Europe, including the UK, is the epicentre of the value opportunity.
Shiller PE’s of US, Europe and the UK
Source: Gresham House, Ireland, December 2022
Despite the war in Ukraine and the economic weakness that will stem from the gas crisis, the prospects to make supernormal returns from European equities has rarely been this attractive. The combined PE ratio (average of the forward PE, trailing PE, and PE 10 ratios) has dropped to extreme cheap levels. It is almost on par with levels seen at the bottom of the dotcom bubble burst, and the 2020 bear market. It has yet to plummet to the absolute lows seen during the global financial crisis and subsequent European sovereign debt crisis, but we are not far off. The situation today is nowhere near as dire.
According to Bloomberg the region also looks like a bright spot from an earnings standpoint. The next 12-month bottom-up earnings estimates for European equities just hit a 10-year high.
Sentiment is also improving off a low base. European institutional investors are becoming slightly less pessimistic.
Value investors are a dying breed, this creates an opportunity. During the speculative mania that we have witnessed value investors have struggled to stay afloat. Some capitulated and bought in to the speculation, others went out of business. Morningstar data indicates that only 5-10% of managed assets are value strategies. The last time value strategies were this out of favour it set up a five-year period of massive outperformance.
The declining number of value funds
Source: Morningstar, 31 December 2021
Being a value investor is inherently contrarian. The holding period for most institutional money managers sits well below one year. We are in an extreme minority. We are long-term, fundamental value investors willing to tolerate short-term relative pain in the pursuit of long-term returns.
Value investing is a dying art, and this creates the opportunity. Ignoring short termism and investor fads provides us with our edge.
We strongly believe that over the long term our sound process will deliver superior results. We believe that today is one of the best points in history to invest in a value strategy.

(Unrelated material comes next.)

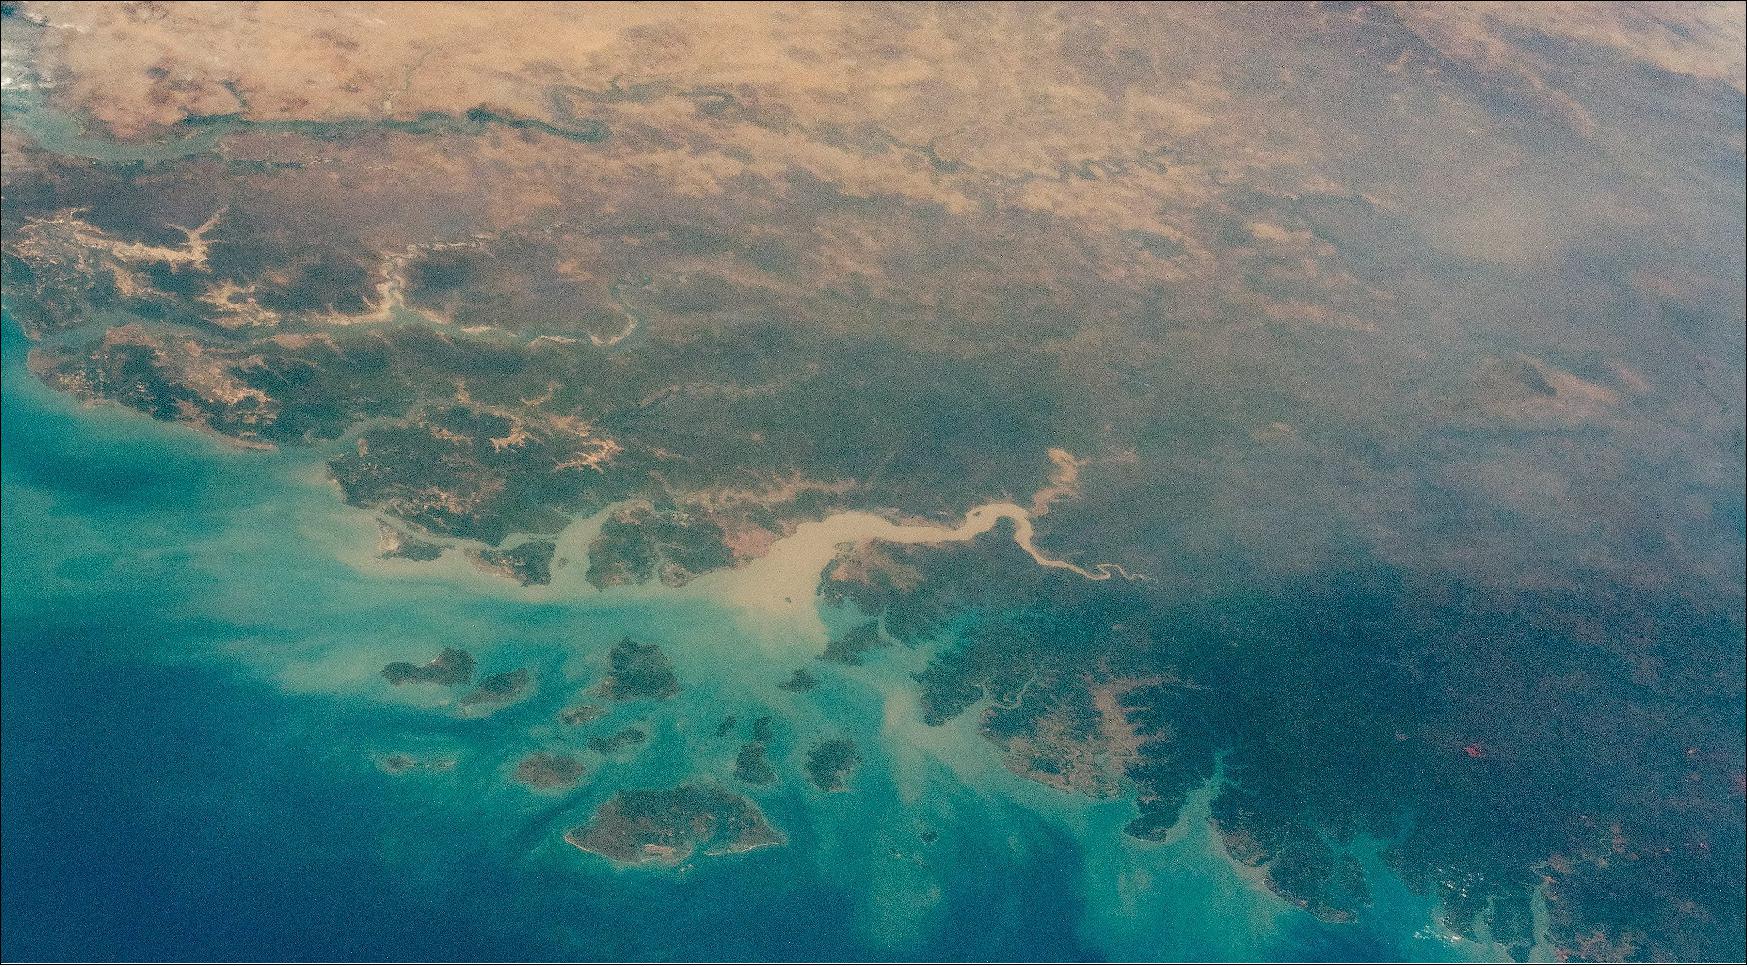 Figure 10: An astronaut aboard the International Space Station (ISS) took this oblique photograph that shows most of the West African country of Guinea-Bissau, along with neighboring Guinea, The Gambia and Senegal, and the southern part of Mauritania. This scene stretches from the green forest vegetation and wet climates of the Atlantic coast to the almost vegetation-less landscapes of the Sahara Desert (image credit: NASA)

A value strategy will not outperform every week, every month, every quarter or even every year. But we believe that over multi-year periods value investing will triumph.
1. In their 2001 paper, Chan et. al. looked at growth rates across US firms over years and found that while some firms have grown at high rates historically, they are relatively rare instances. There is no persistence in long-term earnings growth beyond chance.
2. Bear flattening is when short-term interest rates rise faster than long-term interest rates. Bear steepening is when long-term interest rates rise faster than short-term interest rates.